In the November 2004 United States election, one of the issues up for a vote in the state ofColorado was known as Amendment 36. It was a ballot initiative for an amendment to the state constitution. It would have changed the way in which the state apportioned its electoral votes. Rather than assigning all 9 of the state's electors to the candidate with a plurality of popular votes, under the amendment, Colorado would have assigned presidential electors proportionally to the statewide vote count, which would be a unique system (Nebraska and Maine assign electoral votes based on vote totals within each congressional district). The amendment did not pass. …

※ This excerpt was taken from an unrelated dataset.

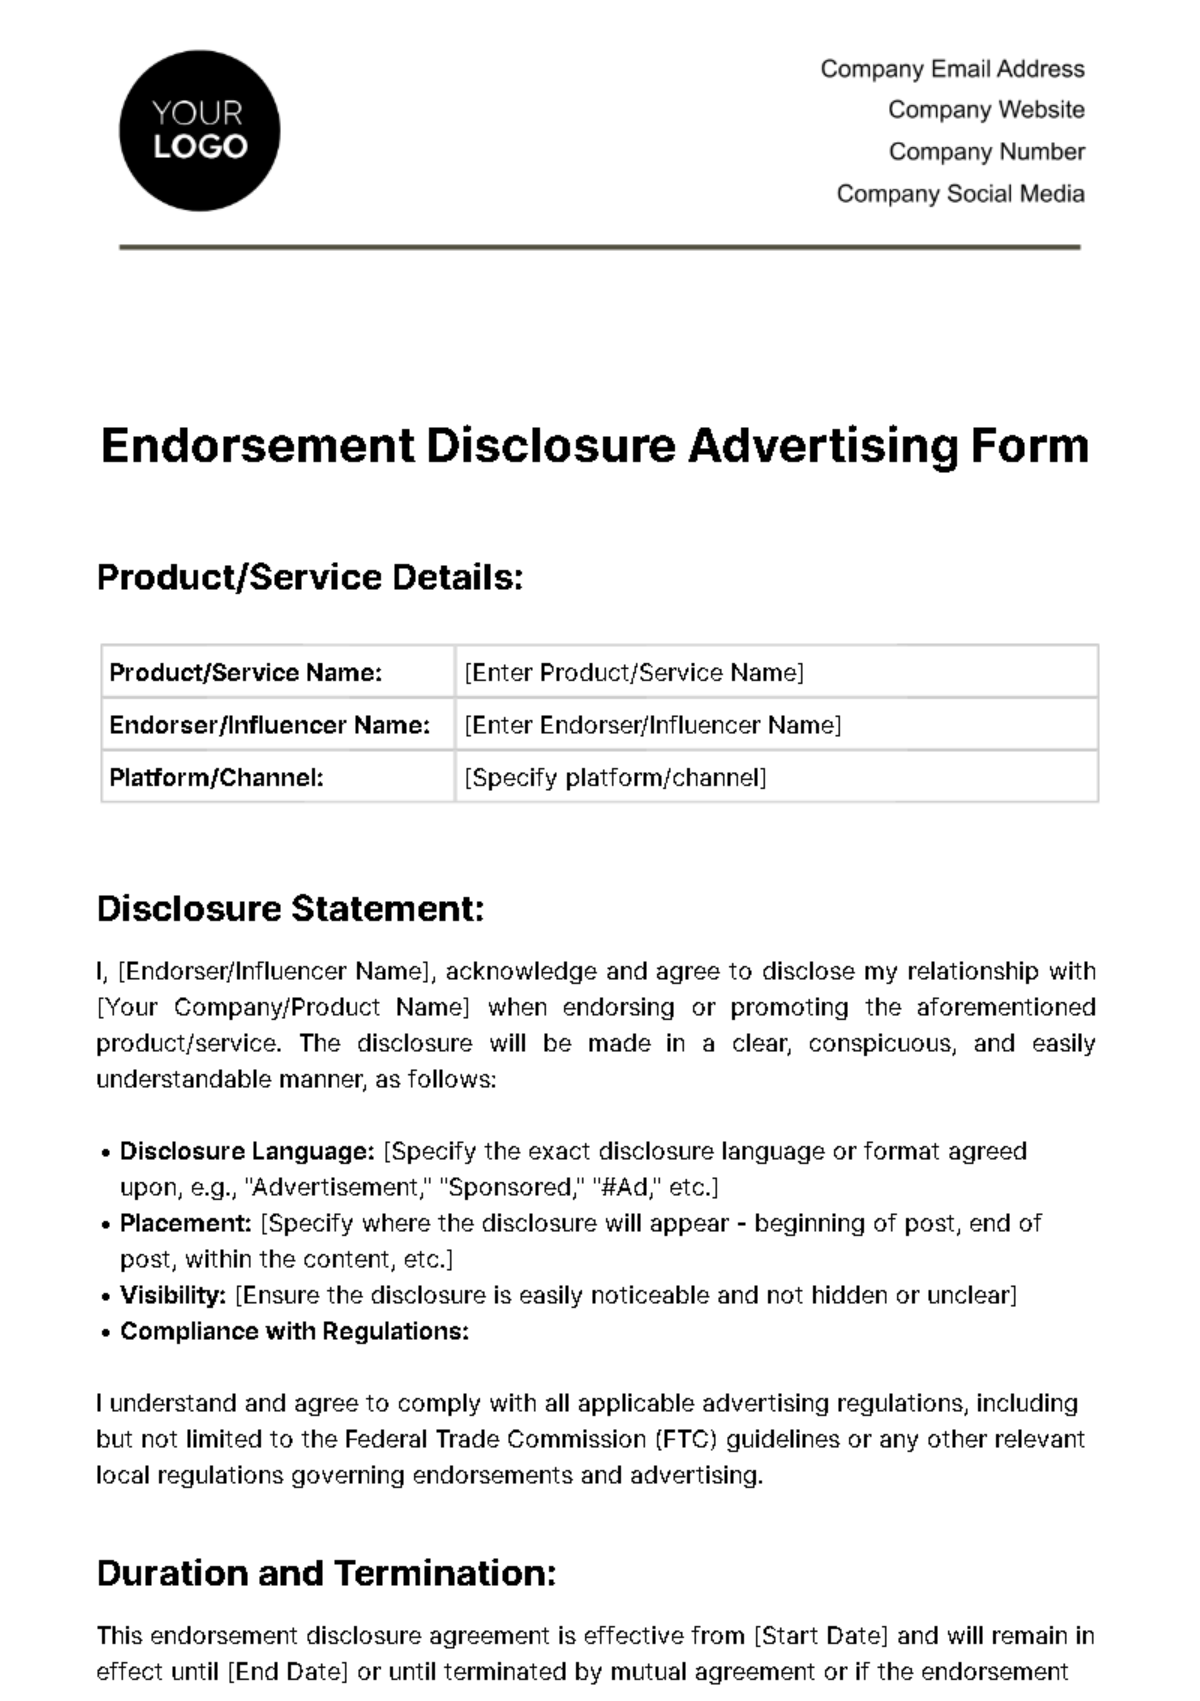 Endorsement Disclosure Advertising Form Template

The amendment is deeply intertwined with the 2004 presidential election, in which Republican George W. Bush ran against Democrat John Kerry.
As Colorado was expected to lean towards Bush, the passage of this amendment (generally favored by Democrats and opposed by Republicans), could have taken some electoral votes from Bush and assigned them to Kerry. Had such an apportionment been in place in 2000, Al Gore would have won the electoral college vote and become president.
However, as November 2004 neared, Colorado began to look increasingly like a swing state in which it was possible that Kerry would win. Many Democrats who had pushed for Amendment 36 therefore began to have second thoughts and withdrew their advocacy for and support of the amendment.
Moral : when it comes to setting the rules of the game, there are no angels.